"""

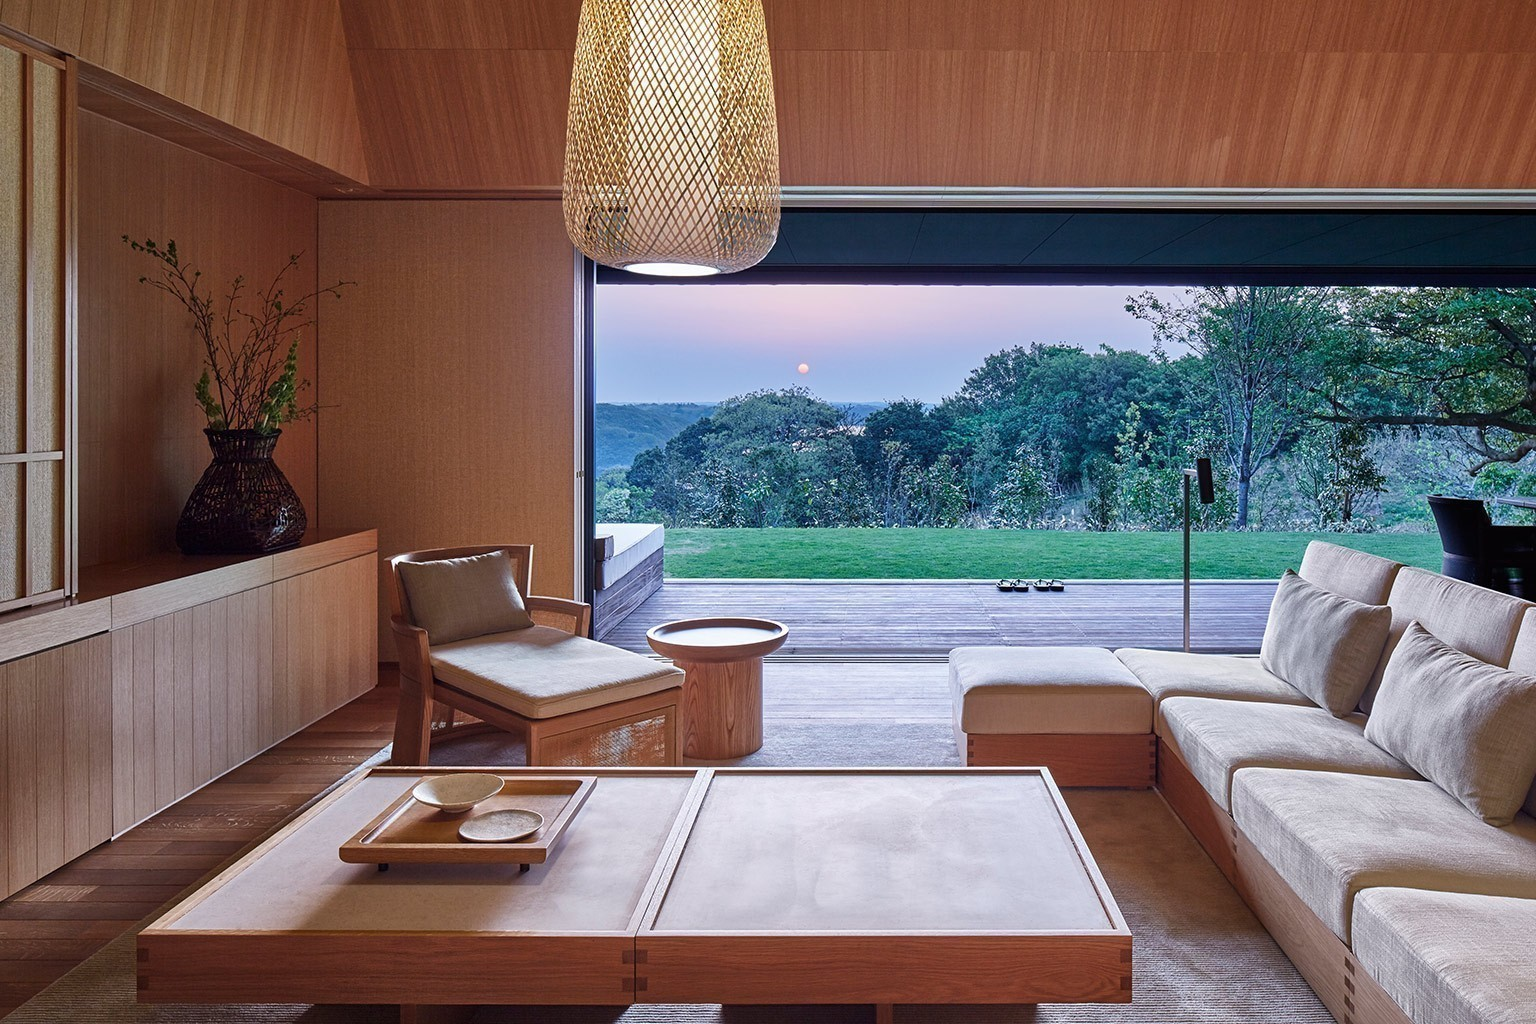 Groß Einrichtungsideen Im Japanischen Stil Zen Ambiente Ideen ...
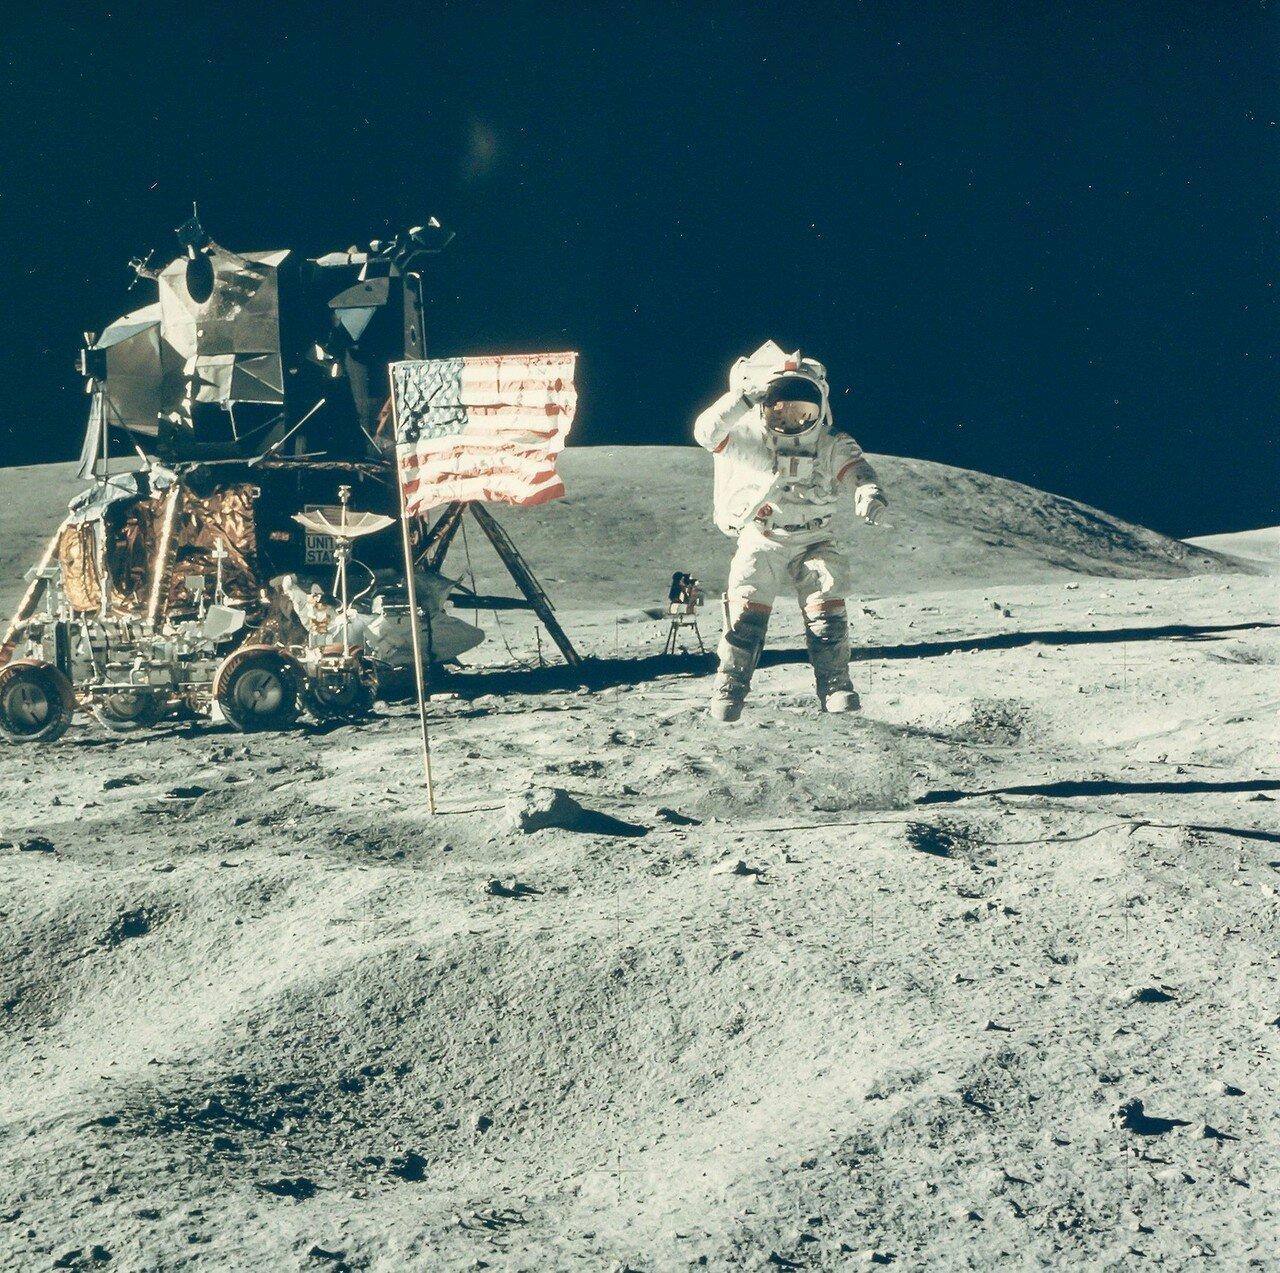 Далее Джон Янг собрал и установил флаг США. Дьюк  попросил Янга показать, как отдают большое военно-морское воинское приветствие. Янг дважды высоко прыгнул и отсалютовал флагу в прыжке. На снимке: Джон Янг прыгает и приветствует флаг
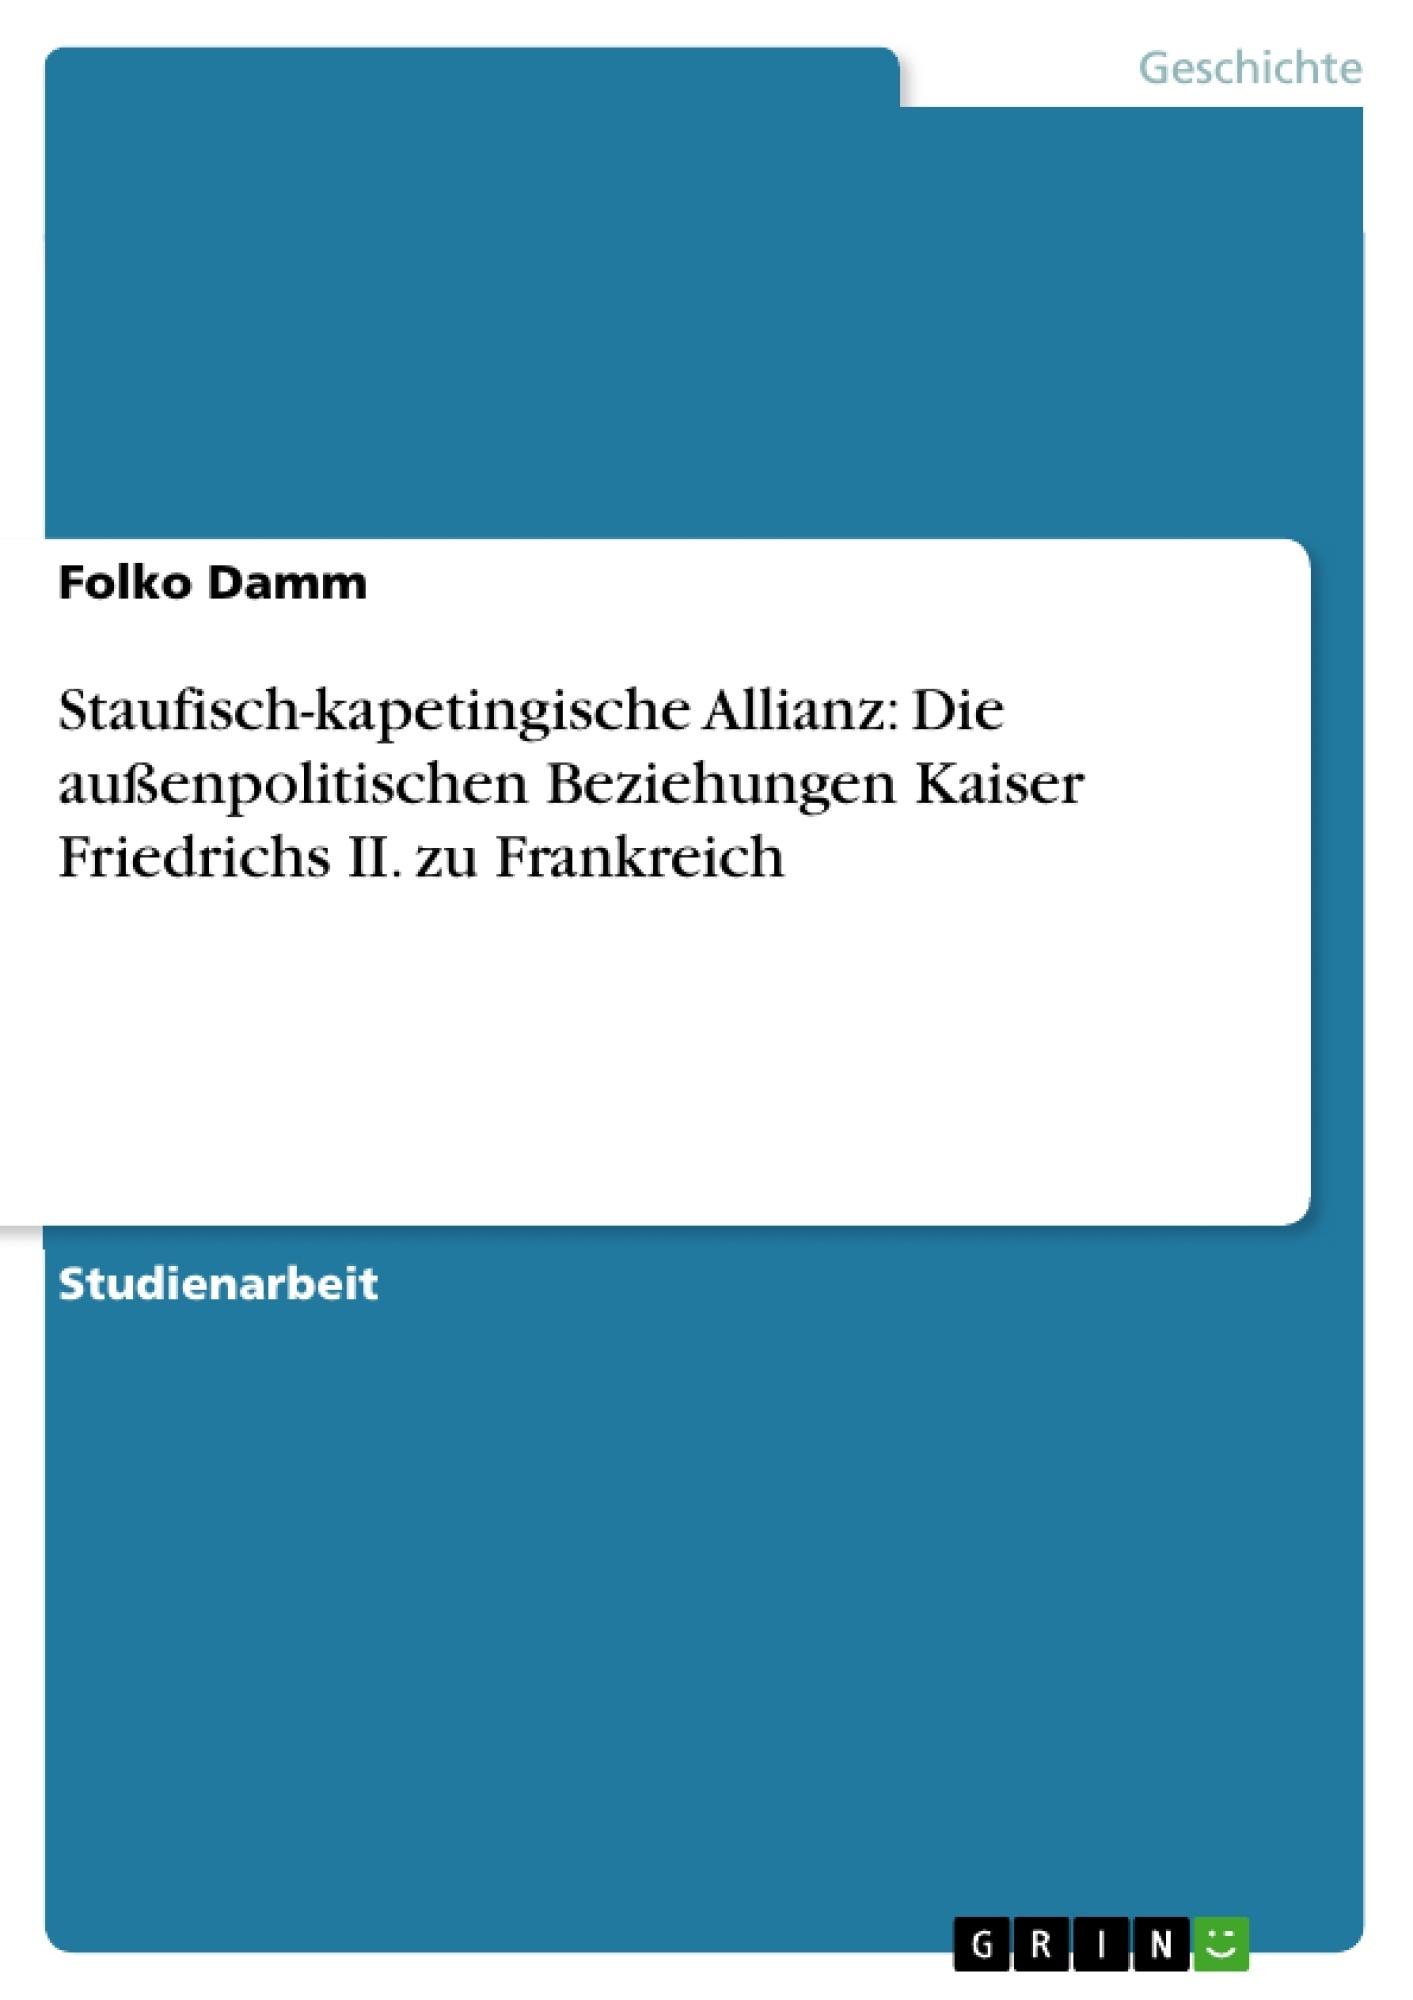 Titel: Staufisch-kapetingische Allianz: Die außenpolitischen Beziehungen Kaiser Friedrichs II. zu Frankreich

"""

■ **PROBLEM TO SOLVE**
Go through the material above and print all of it exactly, except the pictures.

■ **ANSWER TO THE PROBLEM**
 Groß Einrichtungsideen Im Japanischen Stil Zen Ambiente Ideen ...
 Далее Джон Янг собрал и установил флаг США. Дьюк  попросил Янга показать, как отдают большое военно-морское воинское приветствие. Янг дважды высоко прыгнул и отсалютовал флагу в прыжке. На снимке: Джон Янг прыгает и приветствует флаг
 Titel: Staufisch-kapetingische Allianz: Die außenpolitischen Beziehungen Kaiser Friedrichs II. zu Frankreich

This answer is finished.